1975年4月――32年前、北ベトナム軍がサイゴンになだれ込んだとき、逃げ出すためのヘリコプターに乗れる場所まで行こうと、ベトナム、サイゴンの米国大使館の壁をよじ登る米国協力者たち。

打ち破られた米軍とその協力者たちの場所をあけるために避難用の米国艦船から押し出される25万ドルのヘリコプター。
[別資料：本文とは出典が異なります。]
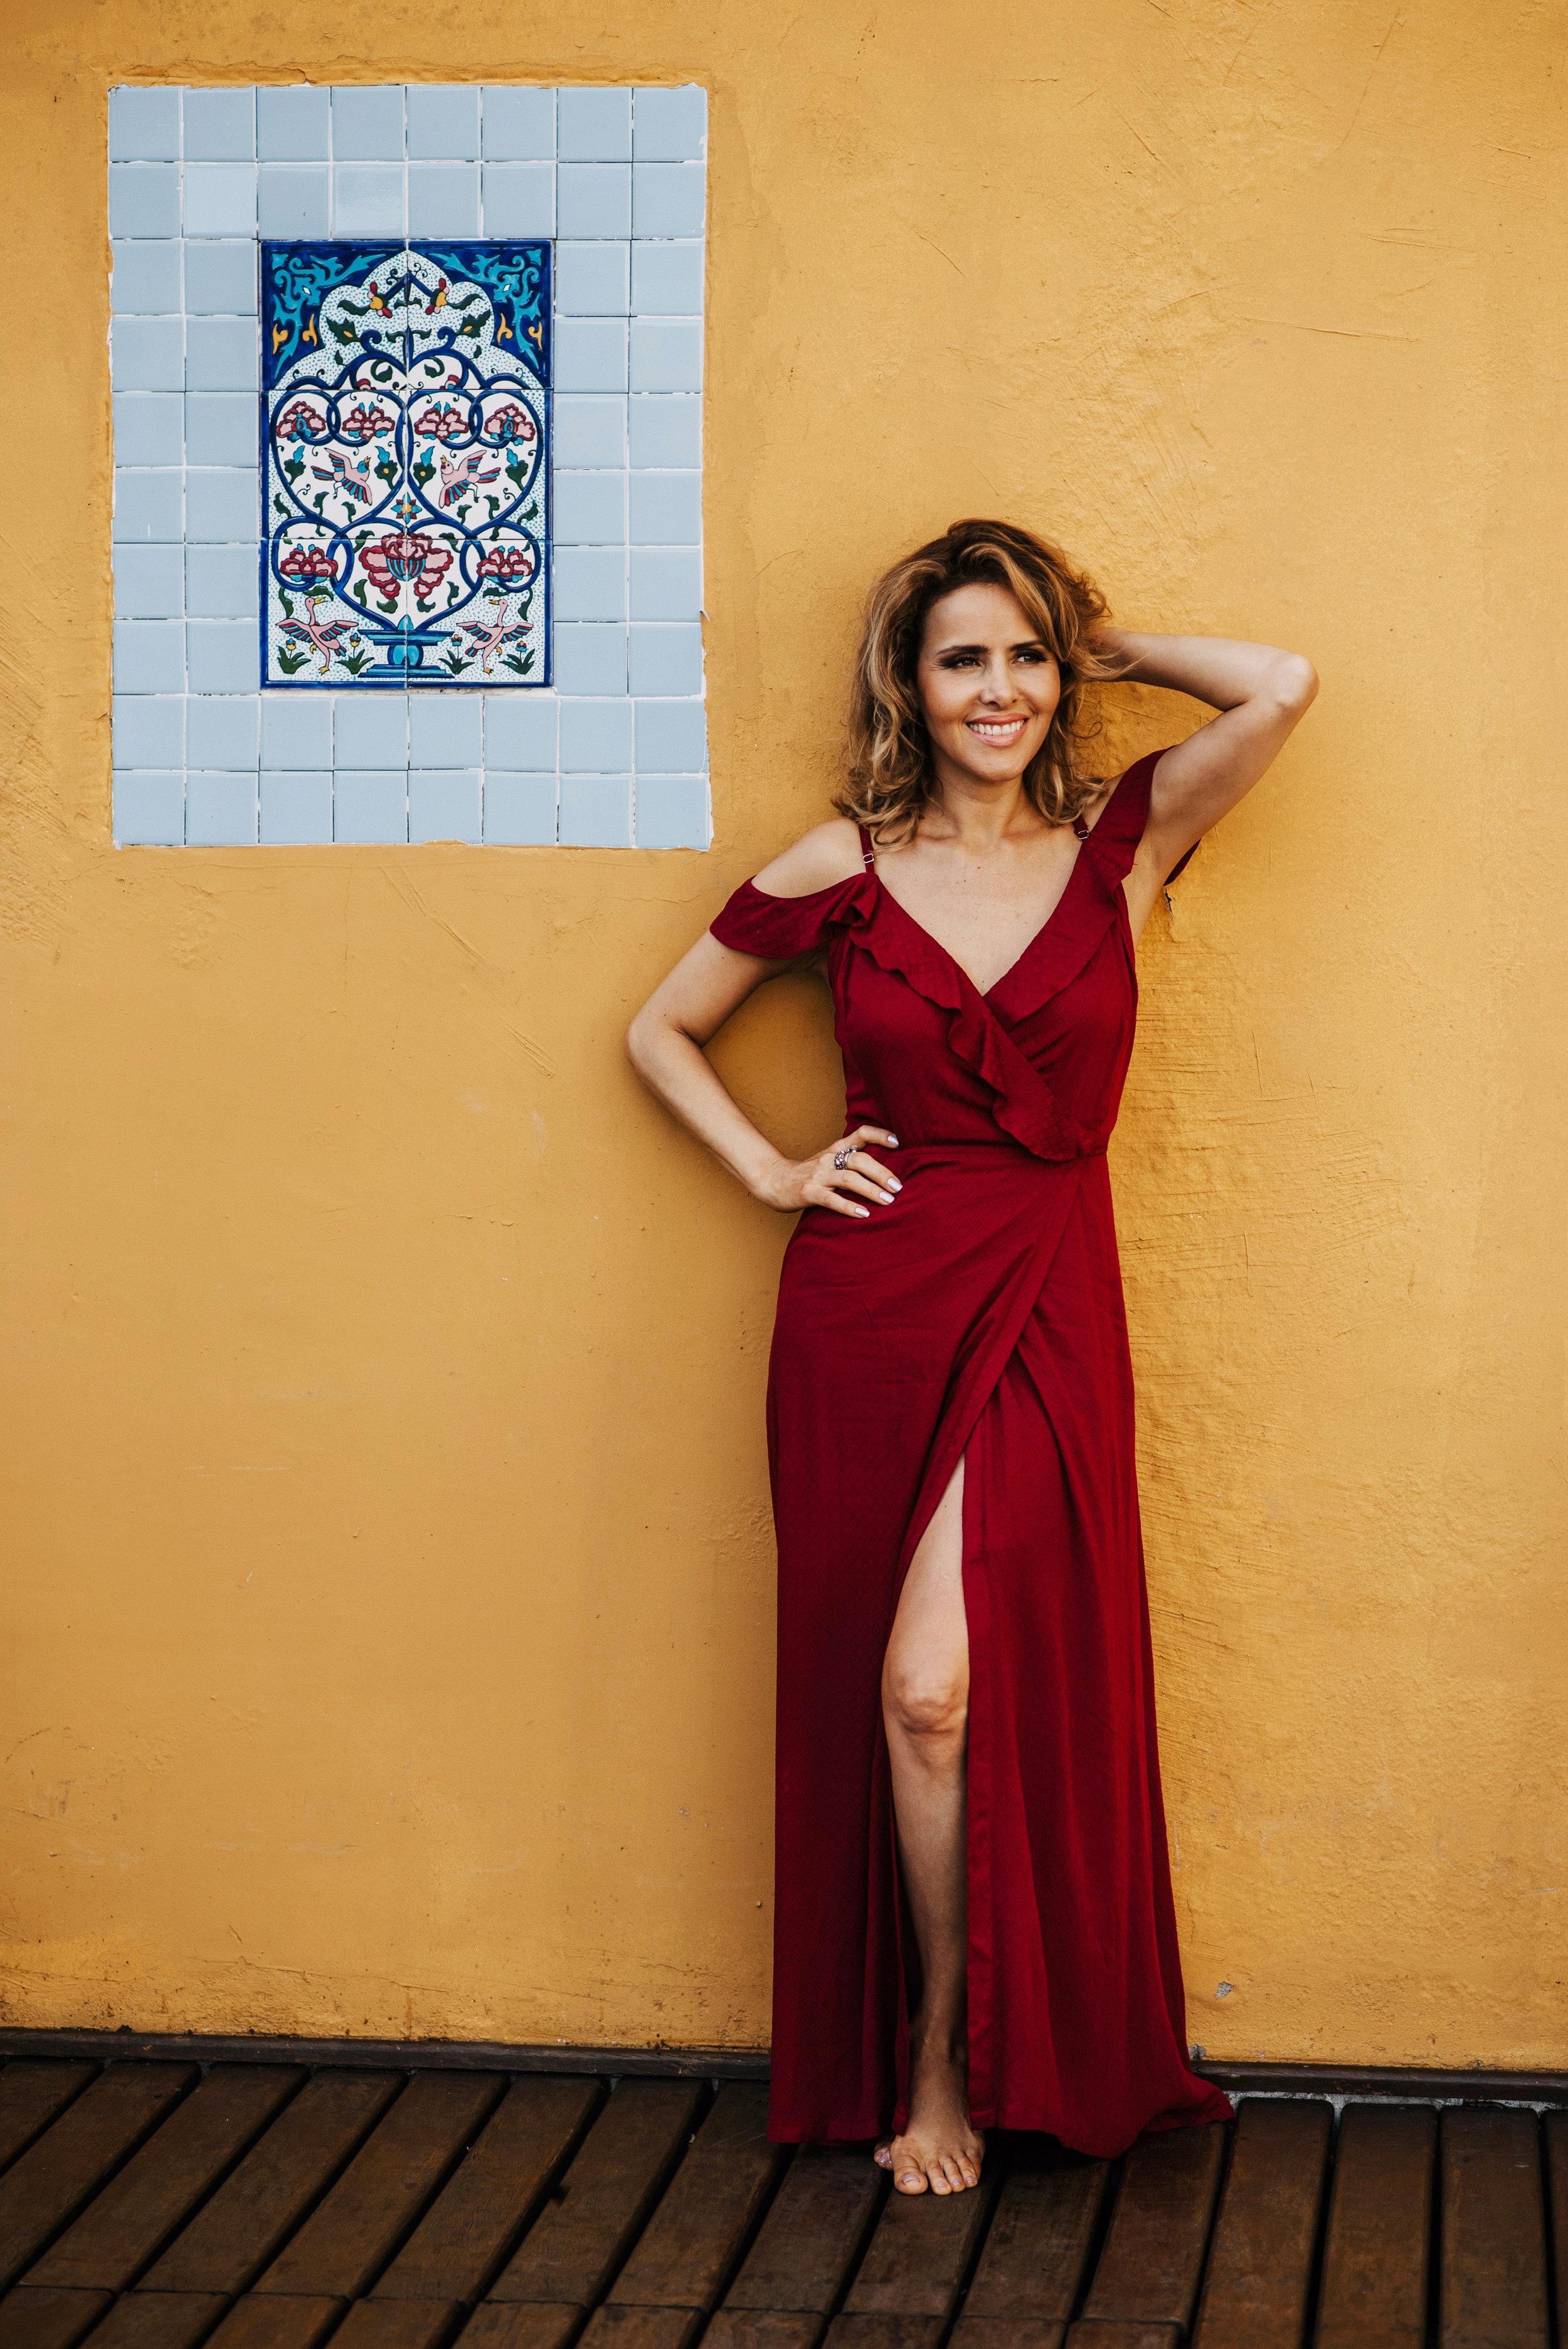 leona cavalli fotos atriz famosos fotografa rio de janeiro moda editorial modefotografie modefotograf fashion photographer munich germany münchen brazil brasil
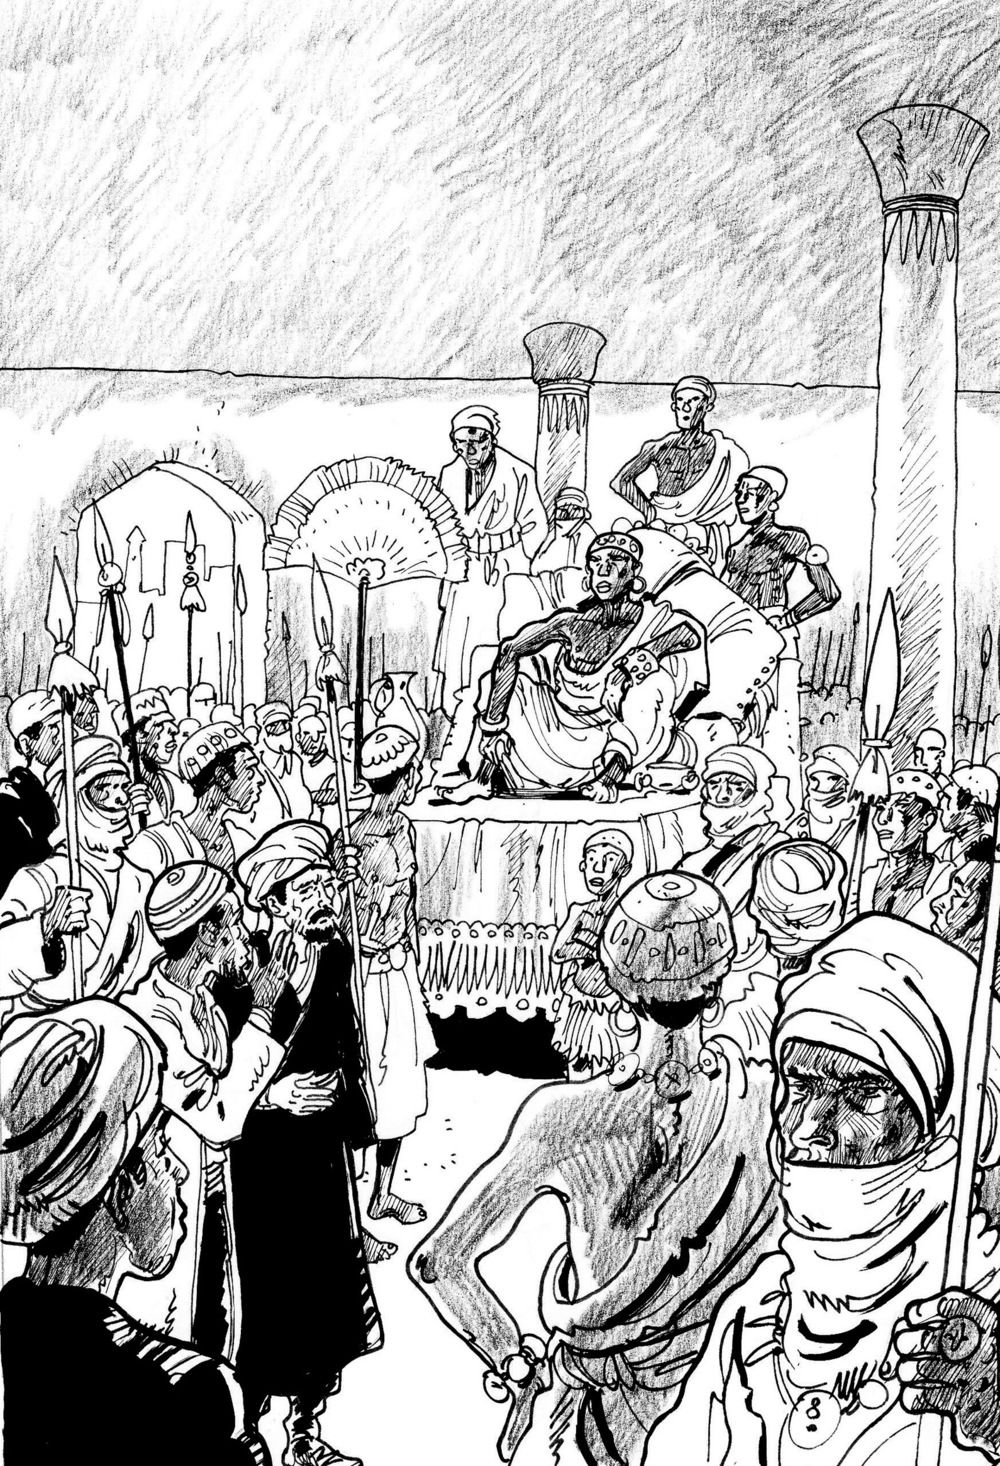 Black and white illustration for graphic novel about Ibn Battuta

 米国とNATOが大統領の地位に就かせたハミド・カルザイのカブール傀儡政権とともに、米国とNATOもますます苦境におちいり、新たなオバマ政権は、アフガニスタンに対する「異なった戦略」を約束している。米国とNATOは、そのための手段方策をもっているのであろうか? またそれは機能するのであろうか? 2001年以来の、そしてまた特にここ2年の、アフガン・レジスタンスがなしとげた前進から判断すれば、オバマの新「戦略」は、たぶんまちがいなく「脱出戦略」に変容するだろう。1975年4月29日に侵略者米国が、尻に火がついて、勝利者であるベトナムのレジスタンスから逃れたときと同様に。たぶん米国とNATOは、敗北を「名誉ある和平」と見なすために、面目を保つためのもうひとつ別の無益な試みとして新たなヘンリー・キッシンジャーを見出すことだろう。